Люба встала и пошла к телефону.

– Что вам, Павел? Прийти ко мне?

– Зови, зови его, пожалуйста, – вмешалась Аглая, торопясь предупредить подругу.

– Терпеть я не могу этого реформатора, – шепнула Люба, отворачиваясь от телефона.

– Пожалуйста, – повторила Аглая, просительно складывая руки.

– Ну, ладно уж…

И, обернувшись снова к телефону, Люба сказала:

– Приходите. Тут и ваша поклонница, Аглая.

И Люба замкнула телефон.

– Ну зачем ты это сболтнула? – недовольно спросила Аглая,

– А разве неправда? Только он не в моем вкусе, и я не знаю, чем он тебе нравится. Беспокойный какой-то.

– Вот это самое беспокойство мне в нем и нравится.

– Не понимаю.

Разговор не клеился. Подруги сидели молча, и каждая думала о своем.

– Который час? – спросила, наконец, Аглая, – я еще ничего с обеда сегодня не ела, и ничего не хочется.

Люба закинула назад руку и надавила маленькую кнопочку. Над согревателем сверкнули цифры часов.

– Половина восьмого, – сказала Люба.

– Спасибо, – шепнула Аглая и снова замолчала.

– Тебя перевели? – спросила после долгой паузы Люба.

– Да.

– На какое?

– На макаронное. Это все-таки веселее, чем сортировать и отправлять пакеты.

– А мне мои перчатки надоели хуже, хуже… Ну я прямо слова подыскать не могу.

– Хуже горькой редьки?

– Вот именно.

IX

Послышался стук в дверь.

– Войдите, – сказала Люба.

Вошел высокий, хорошо развитый и крепко сложенный юноша.

– Это вы, Павел? – спросила, не оборачиваясь, Люба.

– Да, я. Почему у вас нет света? – промолвил Павел, здороваясь с молодыми девушками.

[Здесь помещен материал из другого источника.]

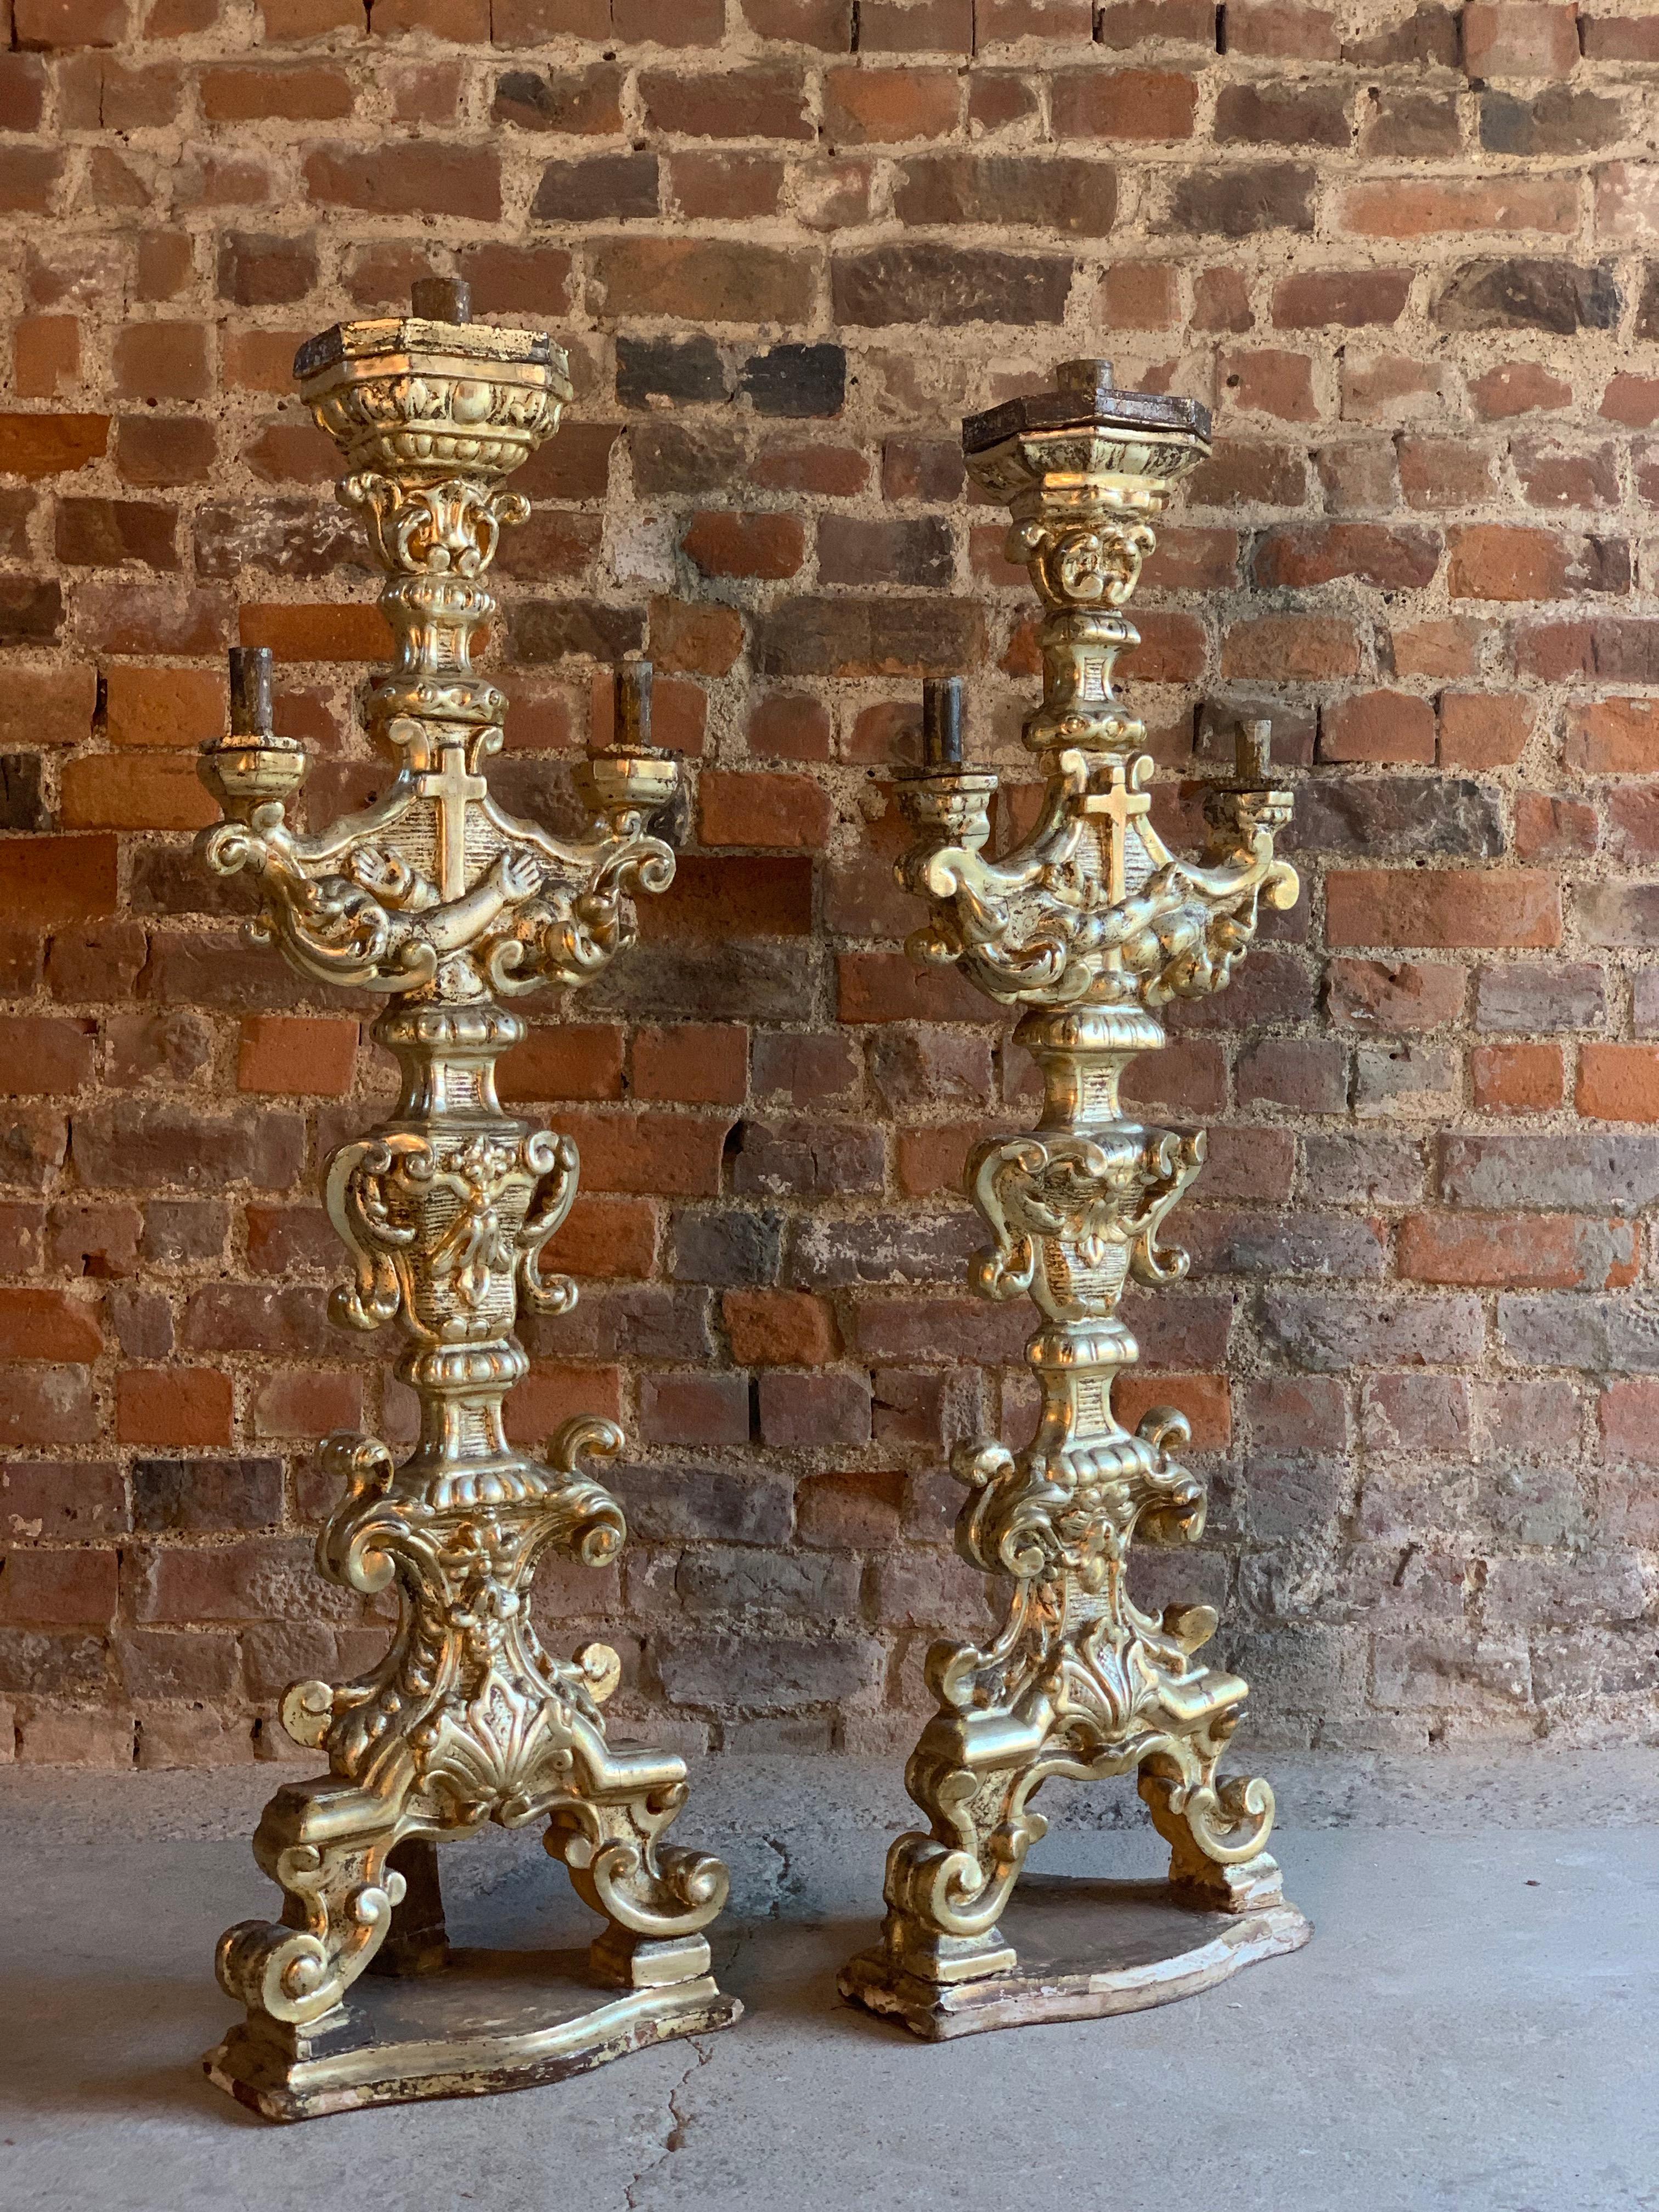 Antique 18th century carved Baroque candlesticks silvered Gesso and giltwood circa 1750.

A magnificent large pair of 18th century carved wooden Baroque church altar candlesticks circa 1750, the wooden candlesticks gesso and gilding with the

– Так. Нервы не в порядке.

– А… Впрочем, теперь не мудрено расстроиться нервам.

– Ужасно, – прошептала Люба.

Она заговорила оживленно, волнуясь и жестикулируя:

– Нашлись пророки! Столетиями, тысячелетиями стонало человечество, мучилось, корчилось в крови и слезах. Наконец его муки были разрешены, оно дошло до решения вековых вопросов. Нет больше несчастных, обездоленных, забытых. Все имеют доступ к свету, теплу, все сыты, все могут учиться.

– И все рабы, – тихо бросил Павел.

– Неправда, – горячо подхватила Люба, – неправда: рабов теперь нет. Мы все равны и свободны. Нет рабов, потому что нет господ.

– Есть один страшный господин.

– Кто?

– Толпа. Это ваше ужасное «большинство».

– Э, оставьте. Старые сказки. Они меня раздражают. Я не могу слышать их равнодушно.

И Люба замолчала, сжимая нервно руки.

– Они меня влекут к себе, как в глубокий омут, как в пропасть, – сказала Аглая.

– Кто? – спросила Люба.

– Те, кого ты иронически называешь пророками.

Люба ничего не ответила, скривив презрительно губы.

– Будем чай пить? – спросила она потом, встряхивая головой, словно отбрасывая неприятные мысли о беспокойных людях.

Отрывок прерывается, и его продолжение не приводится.